Exercise instructions: Please set out each line below exactly as it stands, without the images.

Given material:
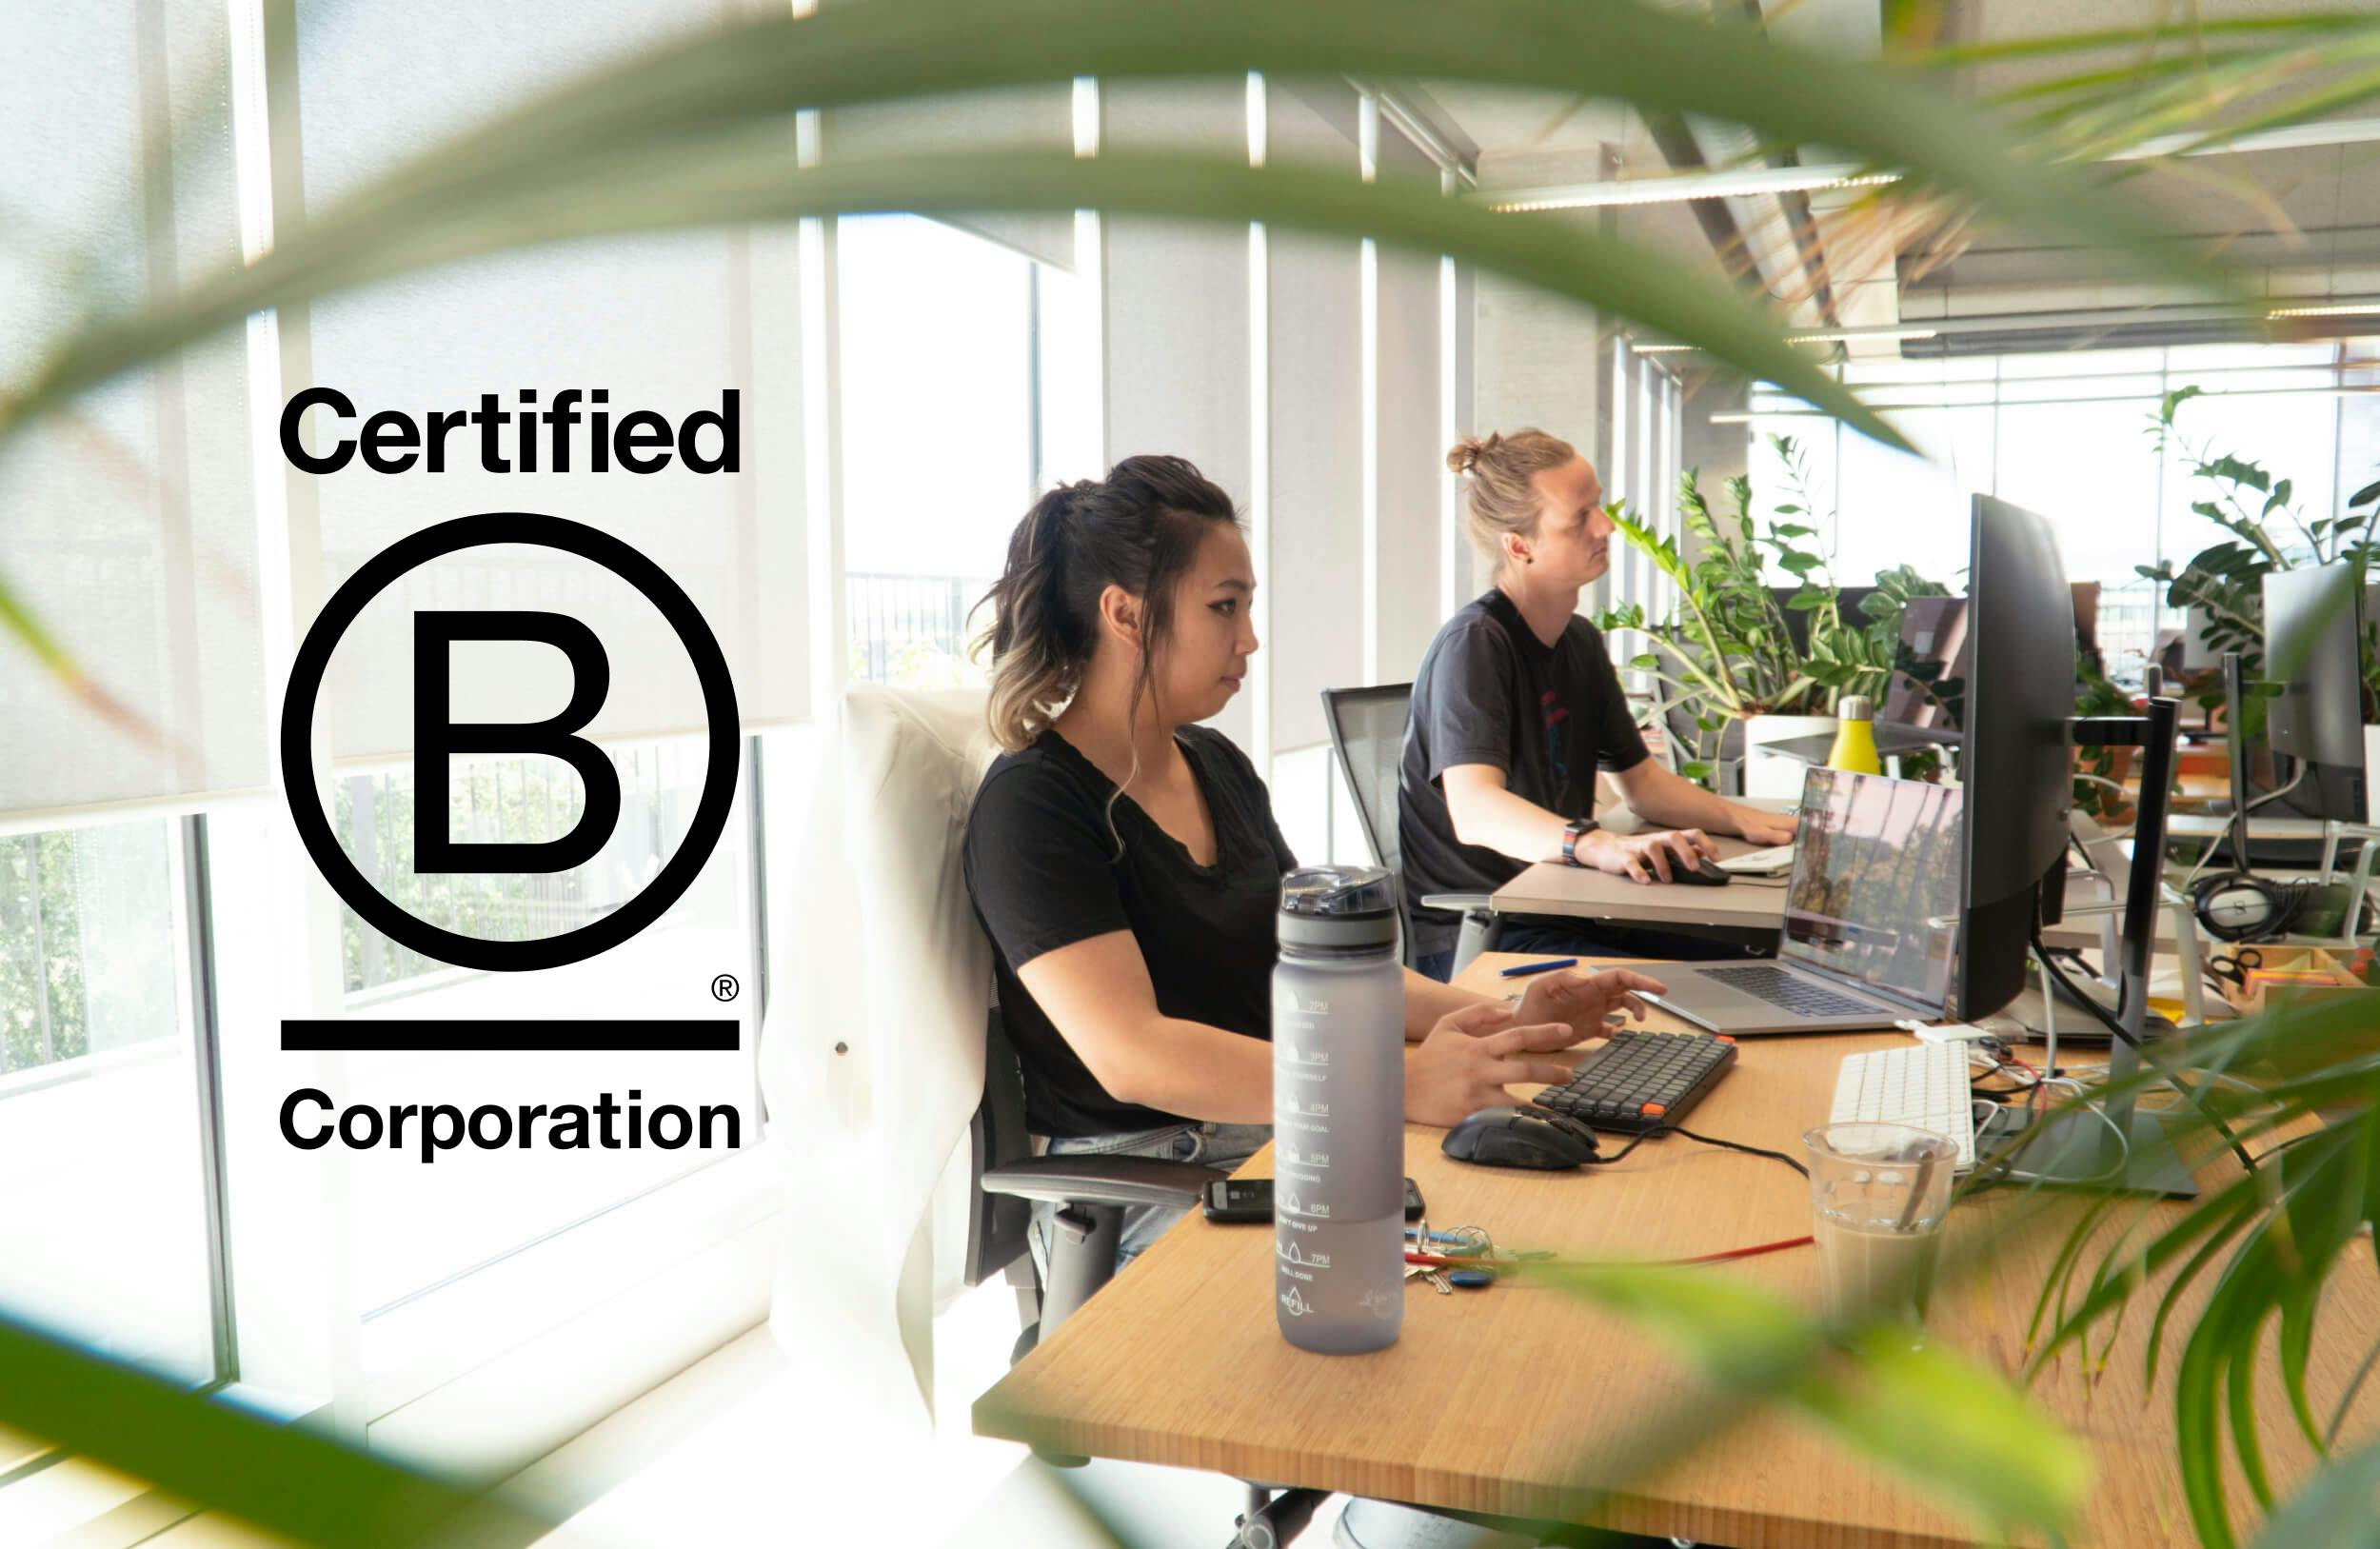 Developers op kantoor bij De Voorhoede. Over de foto is het logo geplaatst van Certified B Corporation
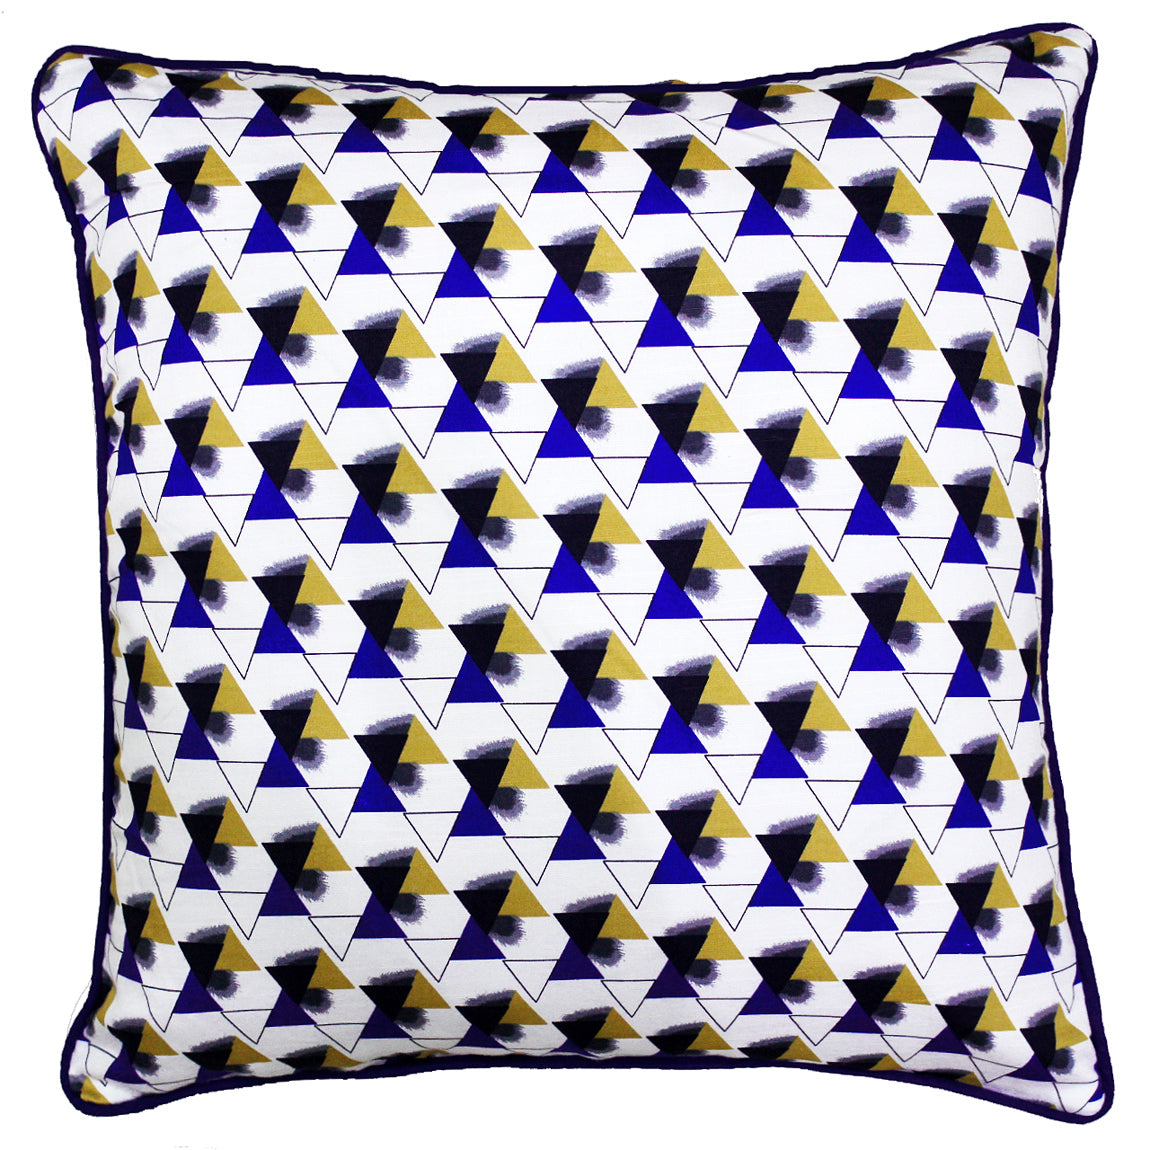 Quartz Printed Geometrical Cotton Cushion Cover - Blue
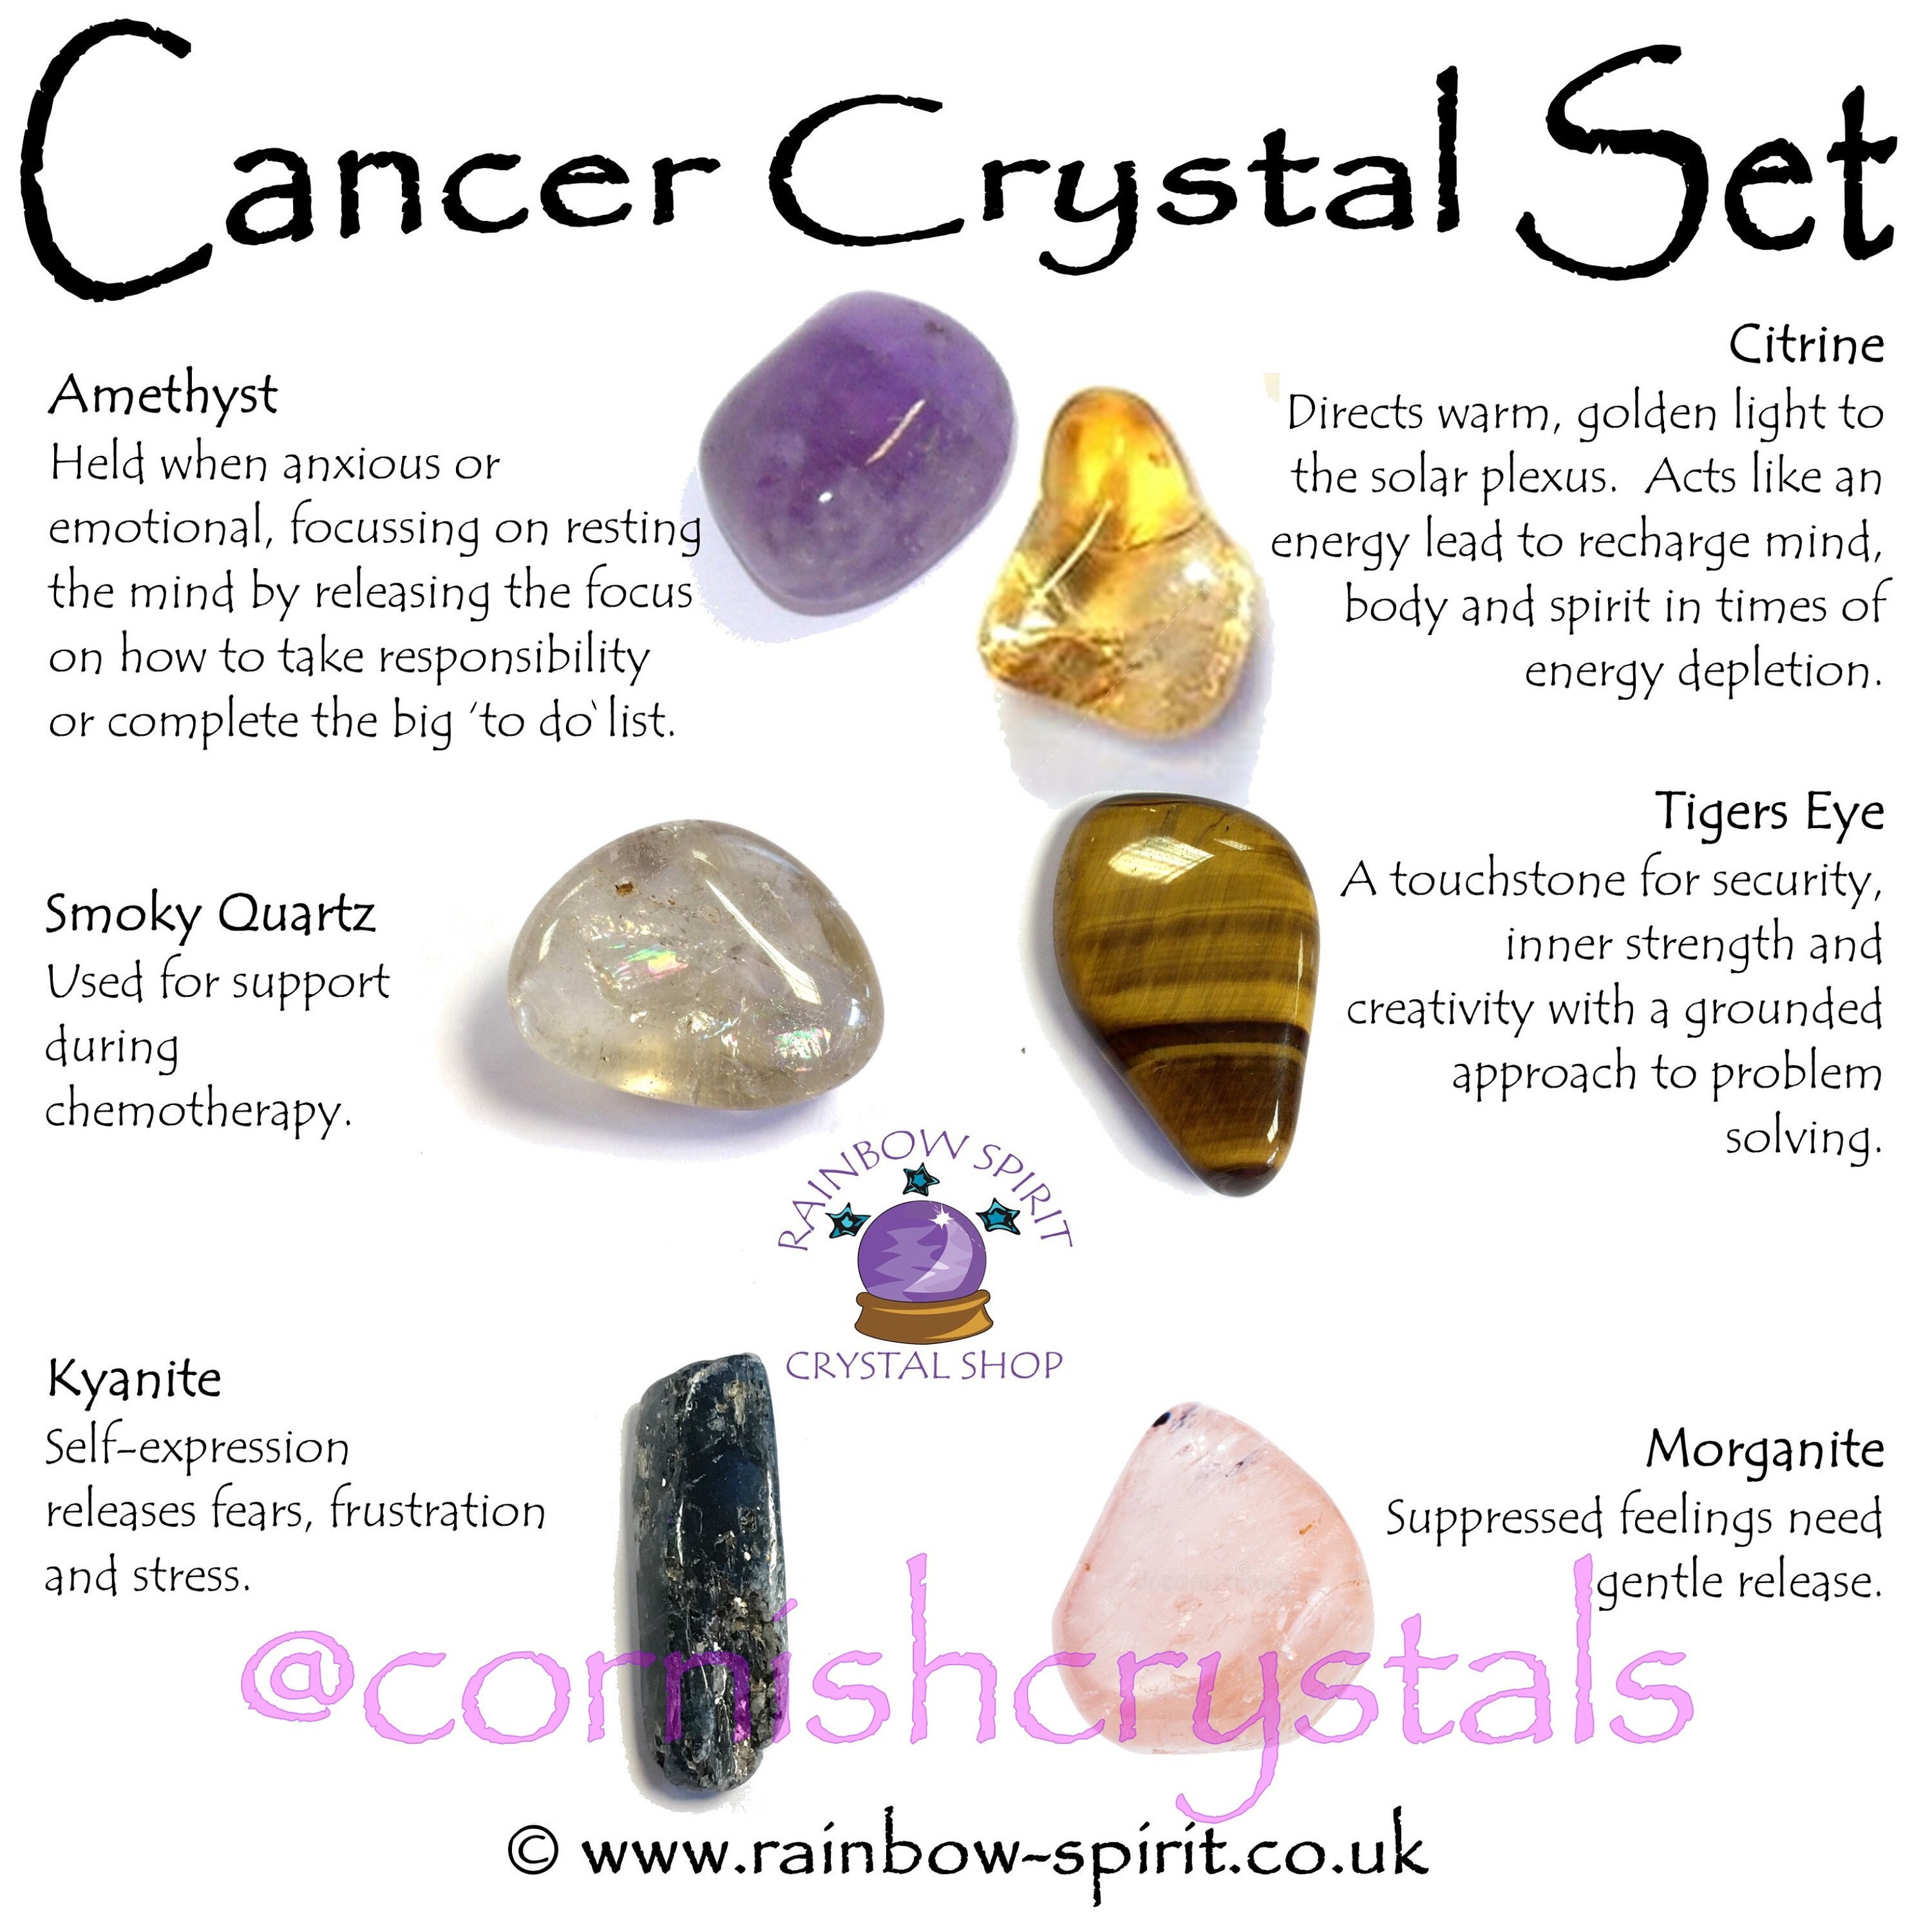 Spirit Jewel  Magical Healing Crystals & Spiritual Jewellery Shop UK

Answer section:
 Developers op kantoor bij De Voorhoede. Over de foto is het logo geplaatst van Certified B Corporation
 Quartz Printed Geometrical Cotton Cushion Cover - Blue
 Spirit Jewel  Magical Healing Crystals & Spiritual Jewellery Shop UK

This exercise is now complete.